|Matthew Henry's Concise Commentary|
39:1-30 God inquires of Job concerning several animals. - In these questions the Lord continued to humble Job. In this chapter several animals are spoken of, whose nature or situation particularly show the power, wisdom, and manifold works of God. The wild ass. It is better to labour and be good for something, than to ramble and be good for nothing. From the untameableness of this and other creatures, we may see, how unfit we are to give law to Providence, who cannot give law even to a wild ass's colt. The unicorn, a strong, stately, proud creature. He is able to serve, but not willing; and God challenges Job to force him to it. It is a great mercy if, where God gives strength for service, he gives a heart; it is what we should pray for, and reason ourselves into, which the brutes cannot do. Those gifts are not always the most valuable that make the finest show. Who would not rather have the voice of the nightingale, than the tail of the peacock; the eye of the eagle and her soaring wing, and the natural affection of the stork, than the beautiful feathers of the ostrich, which can never rise above the earth, and is without natural affection? The description of the war-horse helps to explain the character of presumptuous sinners. Every one turneth to his course, as the horse rushes into the battle. When a man's heart is fully set in him to do evil, and he is carried on in a wicked way, by the violence of his appetites and passions, there is no making him fear the wrath of God, and the fatal consequences of sin. Secure sinners think themselves as safe in their sins as the eagle in her nest on high, in the clefts of the rocks; but I will bring thee down from thence, saith the Lord, #Jer 49:16". All these beautiful references to the works of nature, should teach us a right view of the riches of the wisdom of Him who made and sustains all things. The want of right views concerning the wisdom of God, which is ever present in all things, led Job to think and speak unworthily of Providence.

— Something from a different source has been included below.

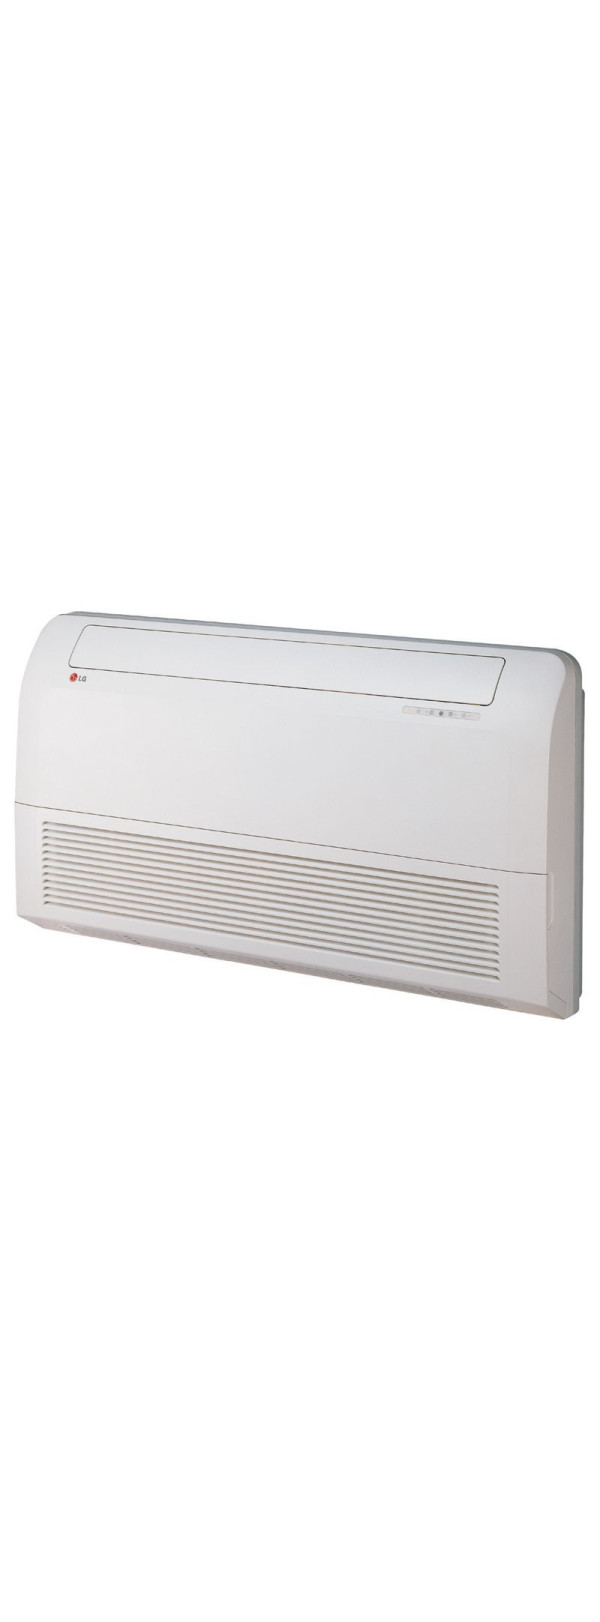 Klimatizace podlahová - stropní - LG CV09.NE2 (vnitřní jednotka)
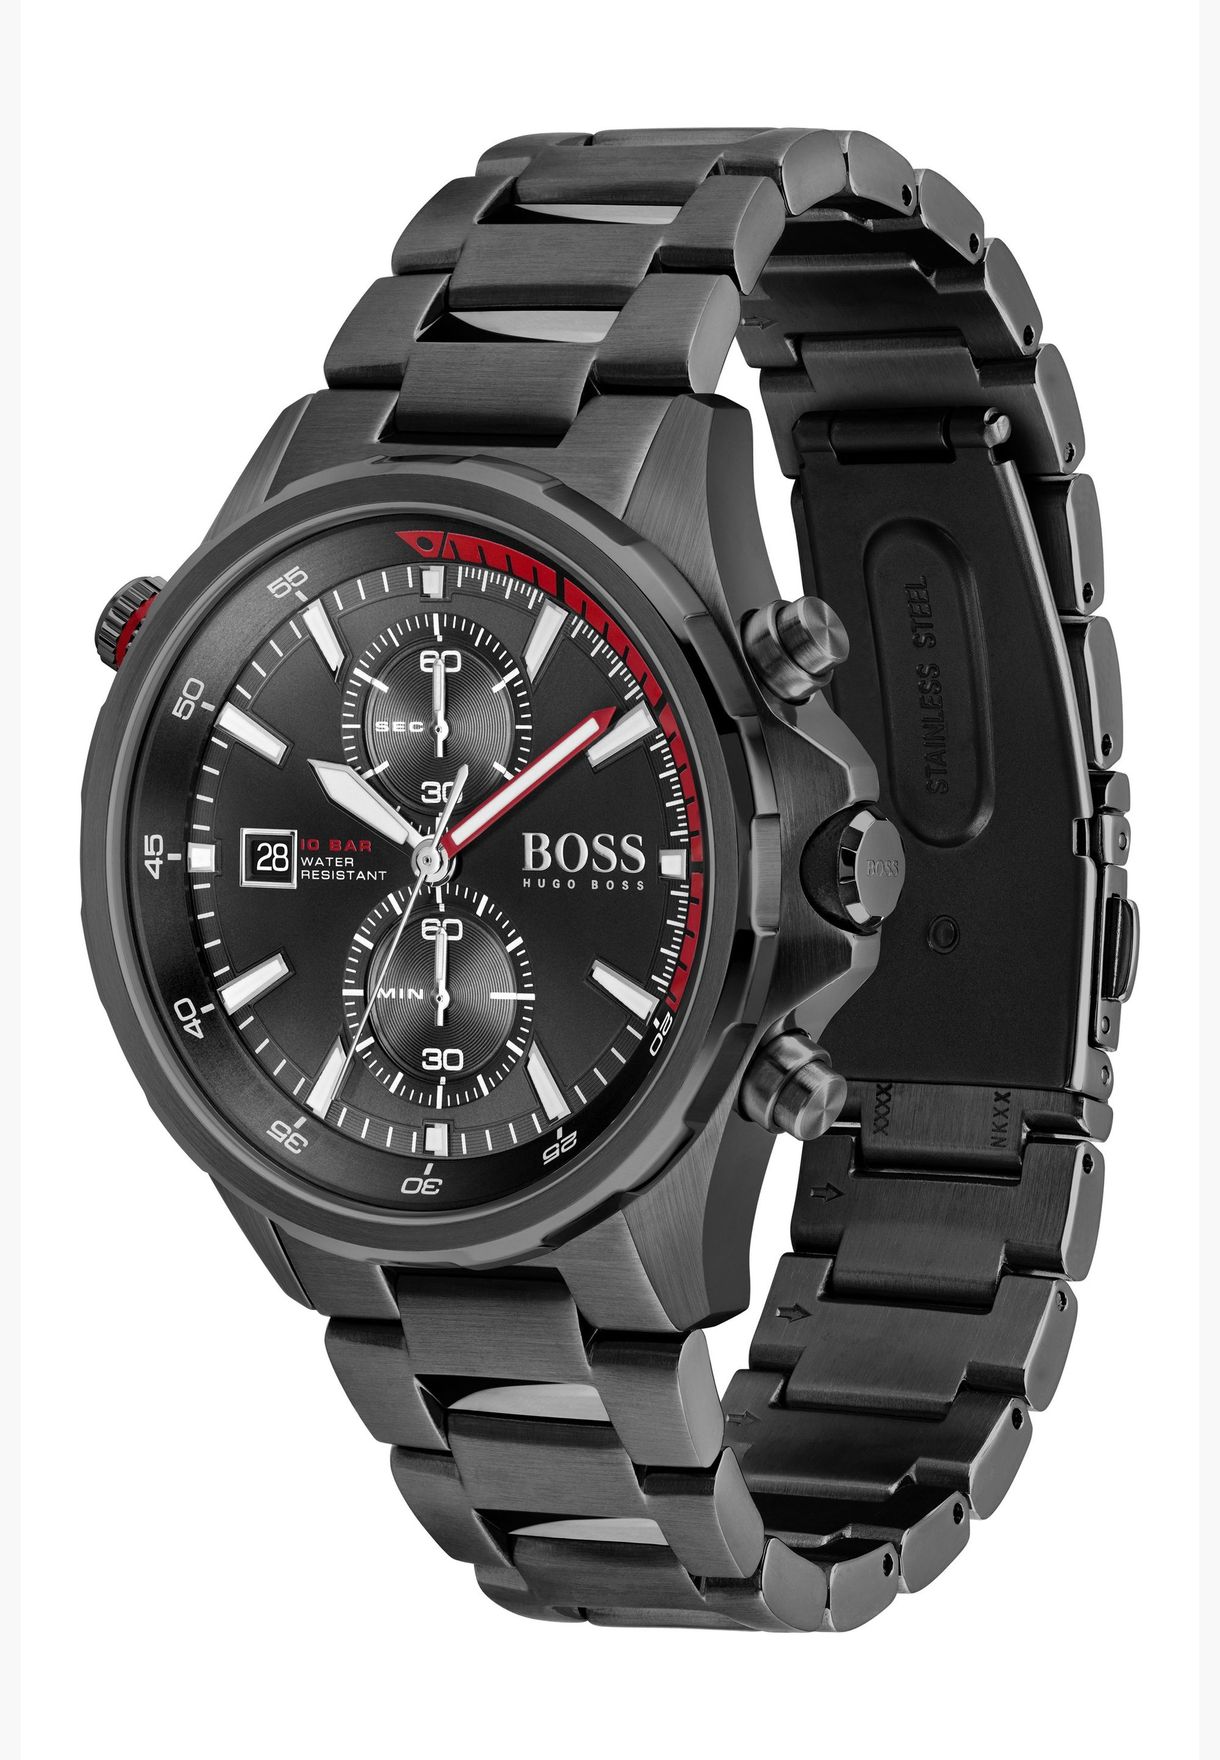 Hugo Boss GLOBETROTTER Stainless Steel Watch for men - 1513825

Verse 17. - Because God hath deprived her of wisdom, neither hath he imparted to her understanding. There is an Arab proverb - "As stupid as an ostrich" - which the Arabs justify on five grounds:
(1) The ostrich, they say, will swallow iron, stones, leaden bullets, and other things, which injure and sometimes prove fatal to it.
(2) When hunted, it thrusts its head into a hush, and iron,nee that the hunter does not see it.
(3) It allows itself to be captured by transparent devices.
(4) It neglects its eggs.
(5) Its head is small, and contains but a small quantity of brains. To these grounds I may add that in the South-African ostrich-farms, the birds allow themselves to be confined within a certain space by a fence of sticks and string raised about a foot from the ground. They seem to think that they cannot step over it.
Gill's Exposition of the Entire Bible
Because God hath deprived her of wisdom,.... Or "made her to forget" (d) what she had; an instance of her forgetfulness is mentioned Job 39:15; and so Leo Africanus (e) says of it, that it is of a very short memory, and presently forgets the place where its eggs are laid;
neither hath he imparted to her understanding; many instances are given of its stupidity by historians, as that it will take anything that is offered to it to eat, stones, iron, &c. (f); that it will thrust its head and neck into a thicket, fancying: it is hid and covered, and that none can see it; which Pliny (g) remarks as an instance of its foolishness; though Diodorus Siculus (h) takes this to be a point of prudence, for the preservation of those parts of it which are weakest. Strabo gives (i) another instance of its stupidity, its being so easily deceived by sportsmen, who, by putting the skin of an ostrich on their hands, and reaching out fruits or seeds to it, it will receive them of them, and be taken. Others observe the smallness of their heads, and so of their brains, as an argument of their want of understanding; and it has been remarked, as a proof of their having but few brains, that Heliogabalus, the Roman emperor, had six hundred heads of ostriches dressed at once for his supper, for the sake of their brains (k).
(d) "oblivisci fecit eum", Montanus, Mercerus, Drusius, Cocceius, Michaelis, Schultens. (e) Ut supra. (Desciptio. Africae, l. 9. p. 766.) (f) Aelian. ut supra. (de Animal. l. 5. c. 21.) Plin. Nat. Hist. l. 10. c. 1.((g) Ibid. (Plin. Nat. Hist. l. 10. c. 1.) (h) Ut supra. (Diodor. Sicul. Bibliothec. l. 2. p. 133.) (i) Geograph. l. 16. p. 531. (k) Lamprid. Vit. Heliogab. c. 20, 30.
Jamieson-Fausset-Brown Bible Commentary
17. wisdom—such as God gives to other animals, and to man (Job 35:11). The Arab proverb is, "foolish as an ostrich." Yet her very seeming want of wisdom is not without wise design of God, though man cannot see it; just as in the trials of the godly, which seem so unreasonable to Job, there lies hid a wise design.